→ TASK REQUIREMENTS
Give back the line in the listing below that contains "The chairs have" and all remaining lines, retyped exactly, through the last line.

→ AVAILABLE DATA
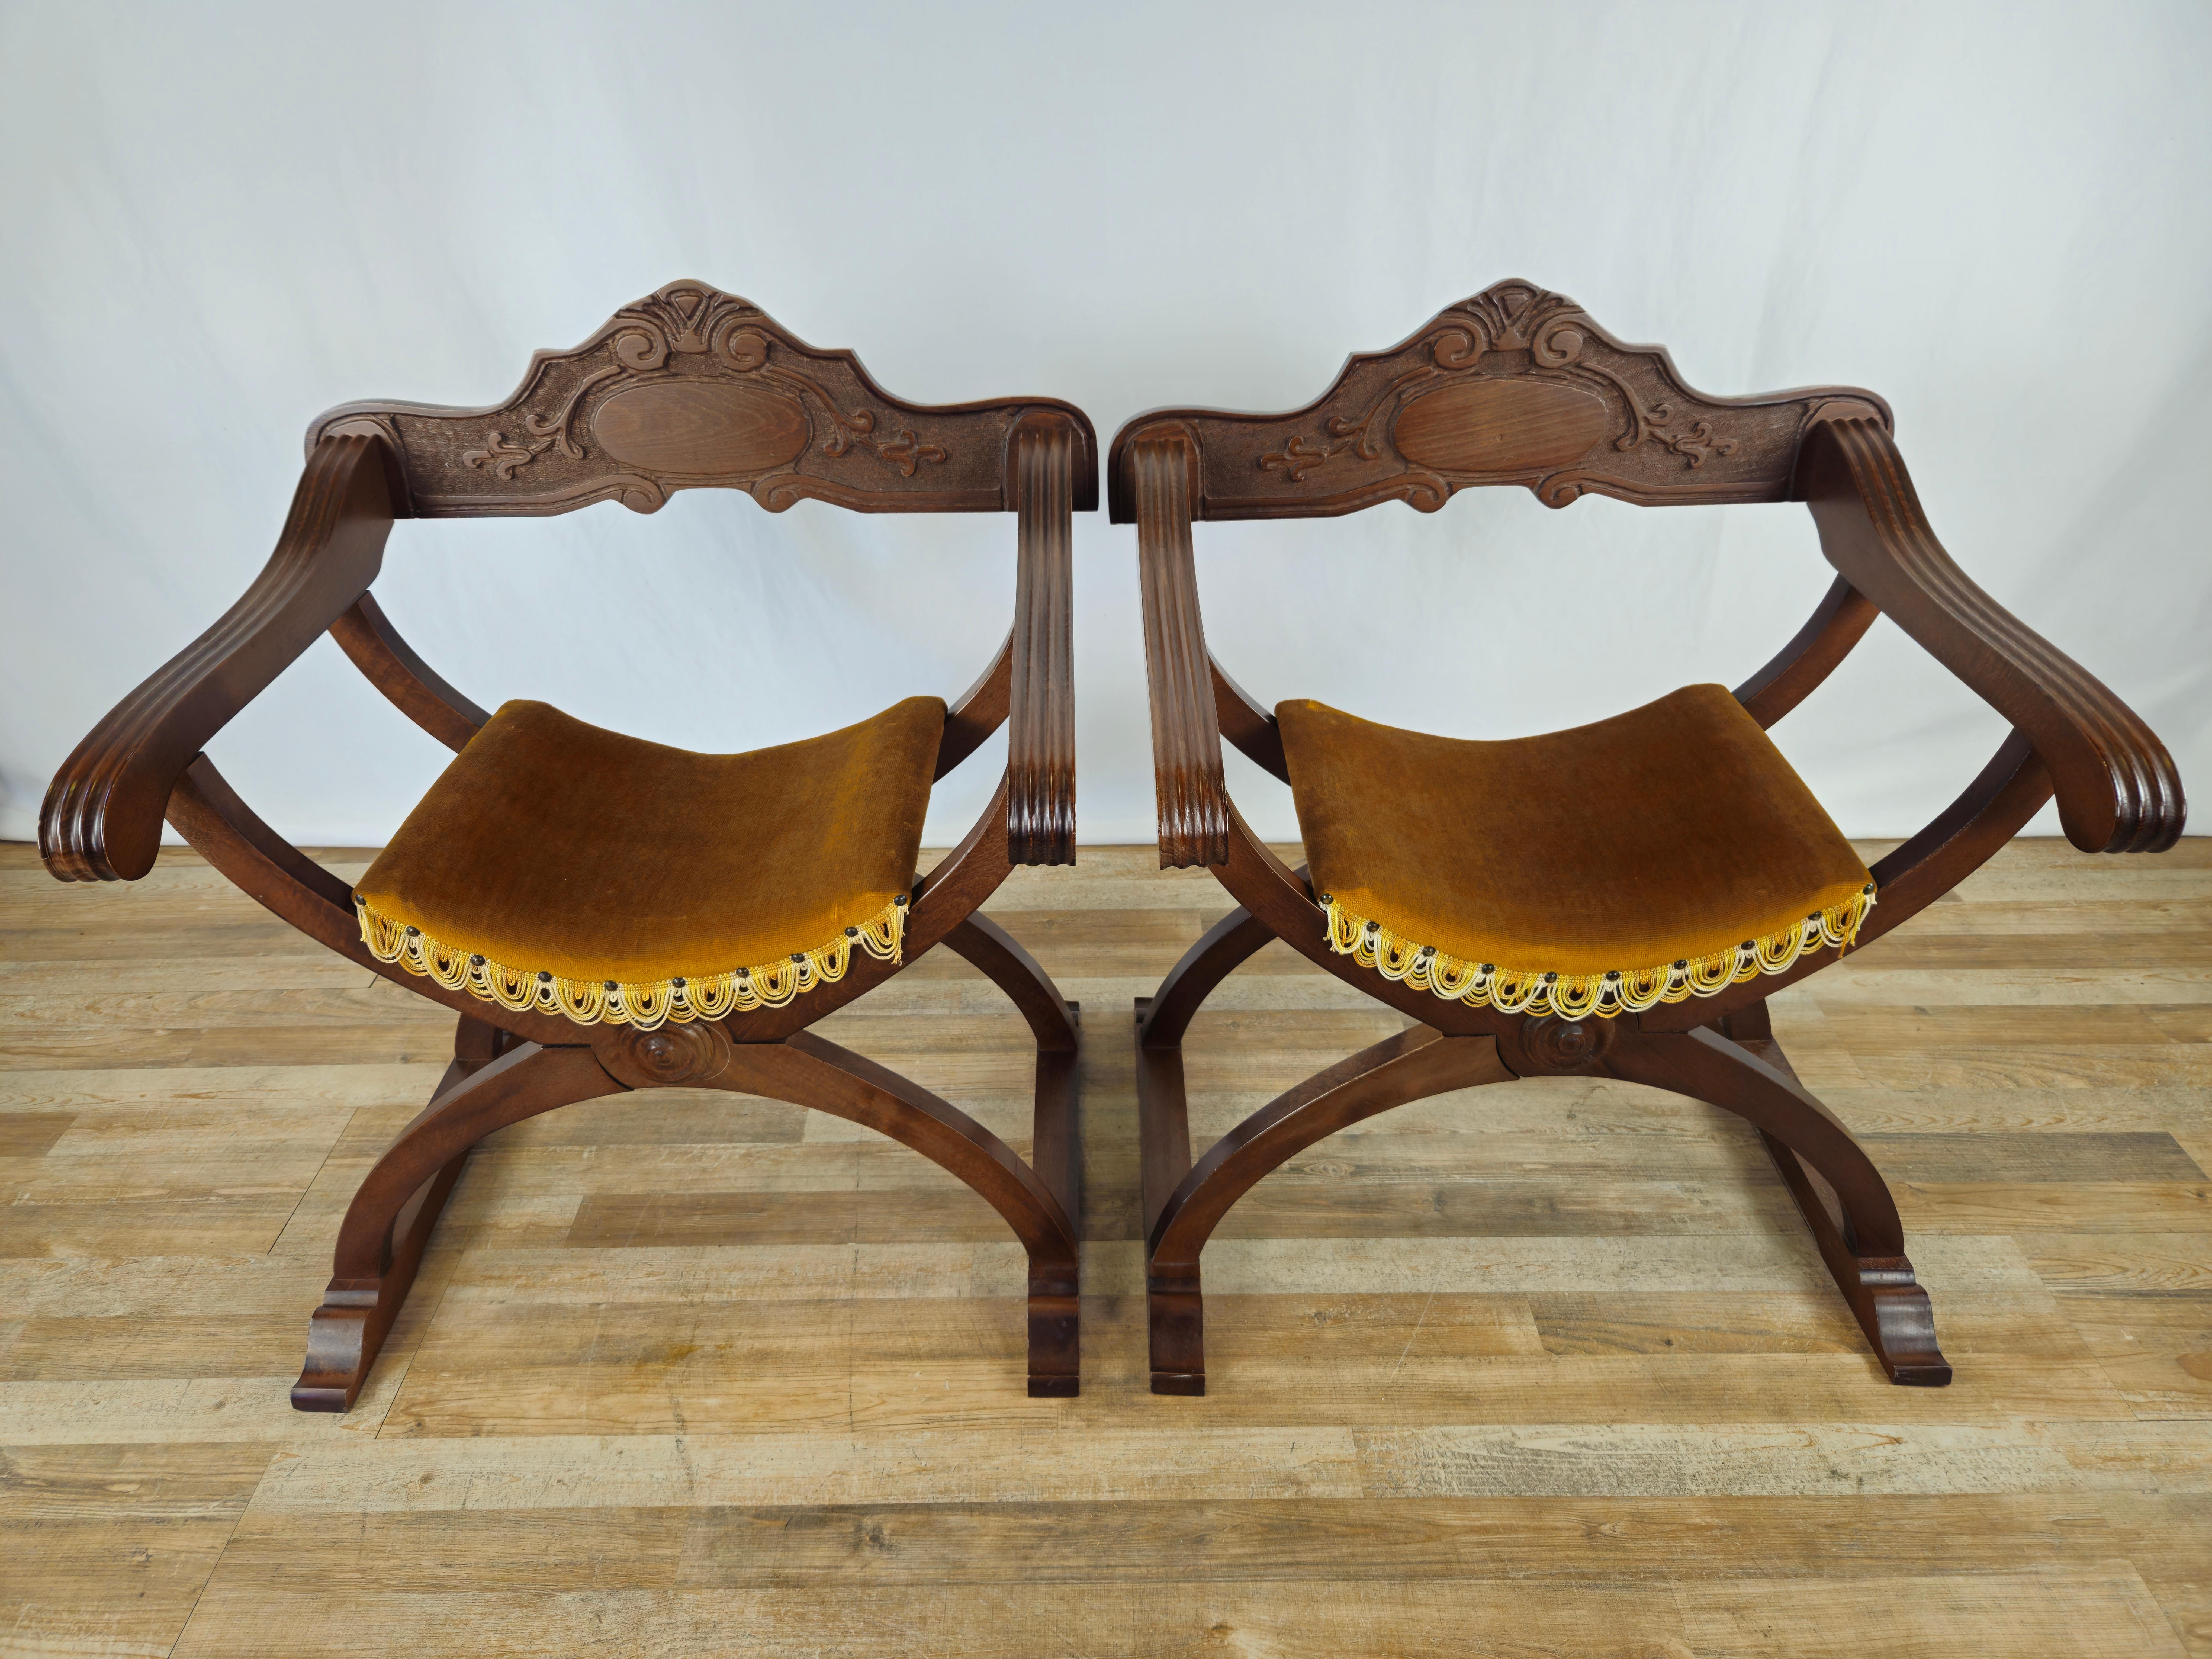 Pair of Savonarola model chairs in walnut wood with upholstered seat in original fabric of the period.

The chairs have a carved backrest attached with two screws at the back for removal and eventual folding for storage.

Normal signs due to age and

→ TASK SOLUTION
The chairs have a carved backrest attached with two screws at the back for removal and eventual folding for storage.

Normal signs due to age and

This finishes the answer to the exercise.